Once Fletcher sells its Formica and Roof Tile businesses, Taylor says it will be a far simpler operation.
The headline on the first page said: "continuing to manage multiple platforms across multiple geographies from a capital and capability perspective was likely to be challenging."
And on the following page: "Therefore we have decided to focus the business."
"Quite brilliant," said one divisional boss of the changes. "A far simpler business makes so much more sense."
The new model will cost between $85m and $95m to introduce.
And it prompts a question: what does the new strategy say about previous chief executives including Ralph Waters and Jonathan Ling, who grew the Penrose-headquartered business to be a global presence?
Were they wrong?
Taylor summed it up in straightforward terms: "It felt like complexity was an issue for us."
But it wasn't all about retreat. Another page of the presentation listed all the areas where Fletcher is absent, and where it sees room to grow.
Taylor said more than once that the business had no presence in heating — though he stressed he was not particularly thinking about that area. Cladding, clay bricks, glass, doors, floor covering, building paper, heating and air conditioning, joinery, electrical, security and paint were New Zealand sectors where Fletcher had minimal or no presence, the document showed. Much the same applied to Australia, it said.
So where to now? For Taylor, it's a matter of quitting the world stage but shoring up strongholds closer to home.
"To be the undisputed leader in NZ and Australia building solutions," is the new corporate catch-cry.
As well as the new strategy, Fletcher will also have a new-look board.
Former PwC chairman Bruce Hassall will be the company's chairman, taking over from Sir Ralph Norris, who is resigning after nearly $1 billion of losses from big construction contracts like Sky City's convention centre and Christchurch's Justice Precinct. Hassall, a Fletcher director since March last year, will take up the top position on the board from September.
The company also announced four other directors yesterday: former ASB chief executive Barbara Chapman, Robert McDonald, Douglas McKay and Cathy Quinn.
Two current directors will be stepping down in the next few months — Alan Jackson, who will retire after nine years on the board, and Cecilia Tarrant, who is stepping down after seven years.
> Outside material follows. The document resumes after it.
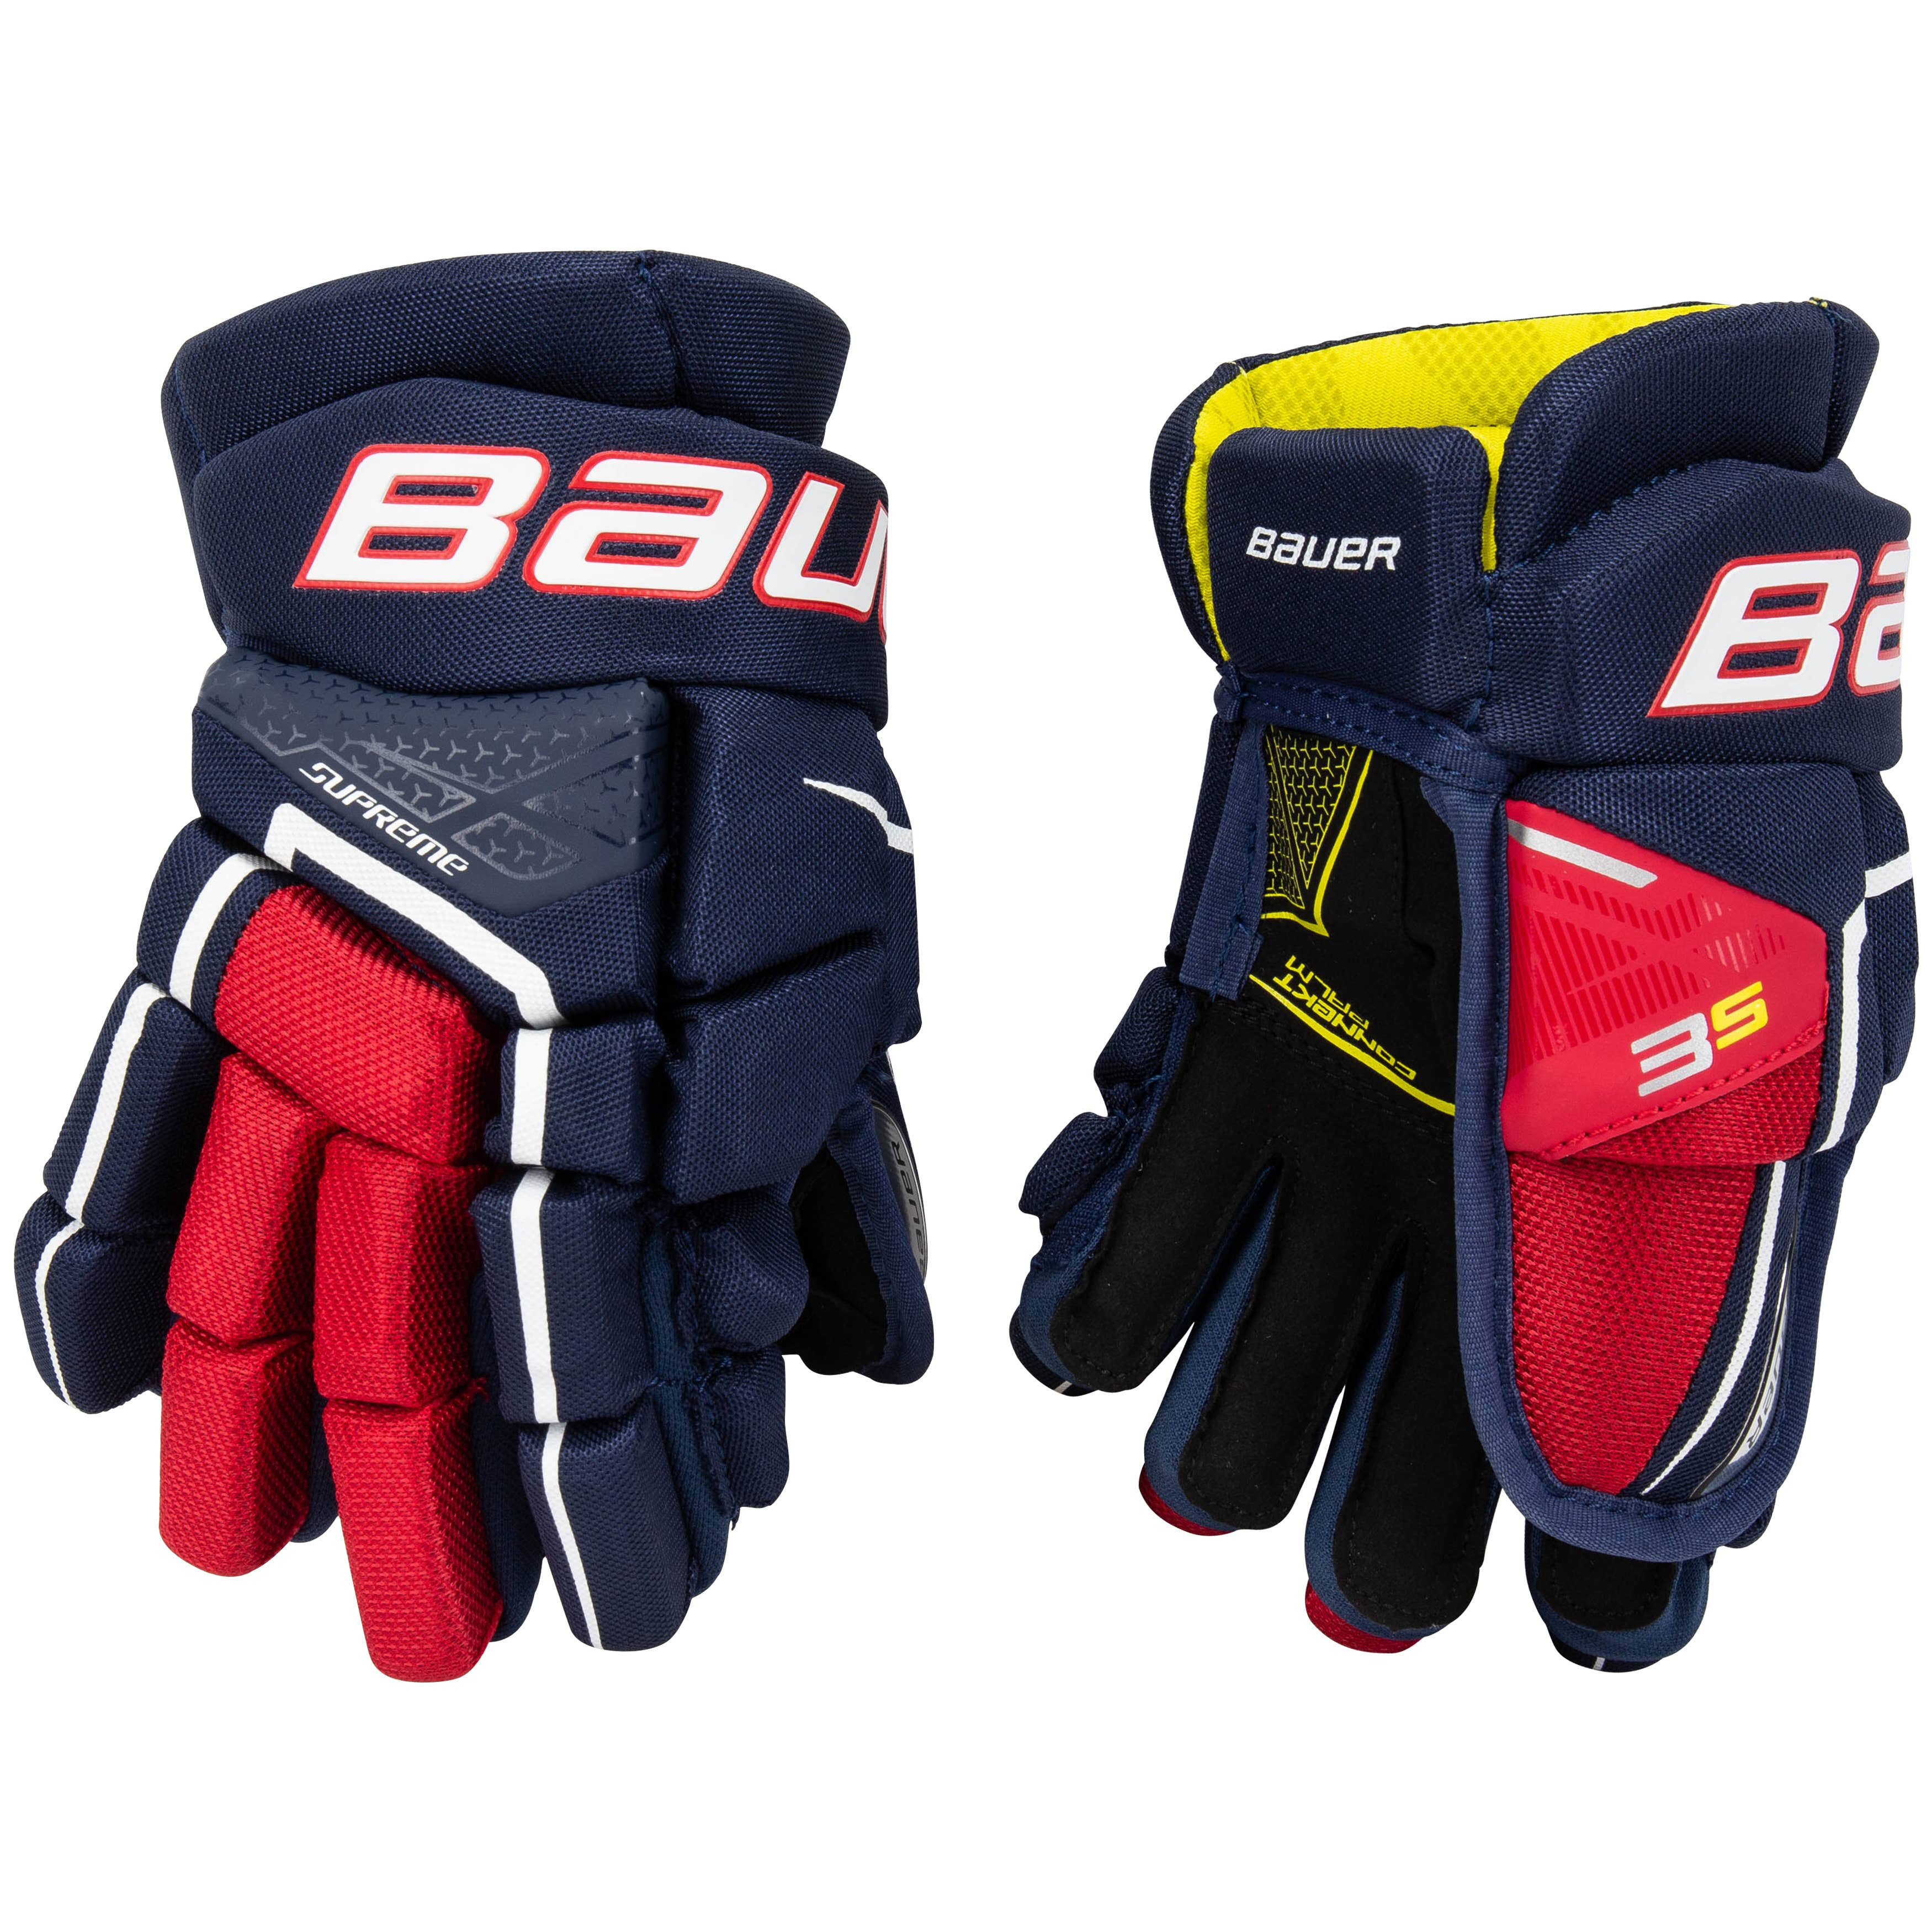 Bauer Supreme 3S Hockey Gloves, Junior, Navy/Red/White

Shane Solly, of Harbour Asset Management, said the planned strategy would "ultimately return the business to a similar structure to what it had employed in the 2011 and 2012 financial years."
But a key difference, he noted, was that Australia would be run as a completely separate business.
"Changes should help bring some stability to the business after several years of divisional and management change," said Solly.
Any turnaround in operating earnings "requires significant investment," he said.
Michael Sherrock of Nikko Asset Management in Auckland attended the investor day in Sydney and emerged impressed by the new plan.
"It's good to get an update. Re-focusing the business like this is also good. One of the problems with Fletcher in the past has been the complexity of the business. Managing a big conglomerate on a global basis has been too complex," he said.
"There were too many moving parts."
The $262 million investment in a new Winstone Wallboards factory in Auckland "sounds like it's been a long time coming. It's probably something that should have been done a while ago. They need to defend," Sherrock said of Fletcher's strong positions in sectors such as wallboard.
And the announcement of a $15m investment in a new Auckland residential construction panelisation plant was "interesting, but it's early days. It's one of those things that will only be proven over time."
- Anne Gibson travelled to Sydney with assistance from Fletcher Building.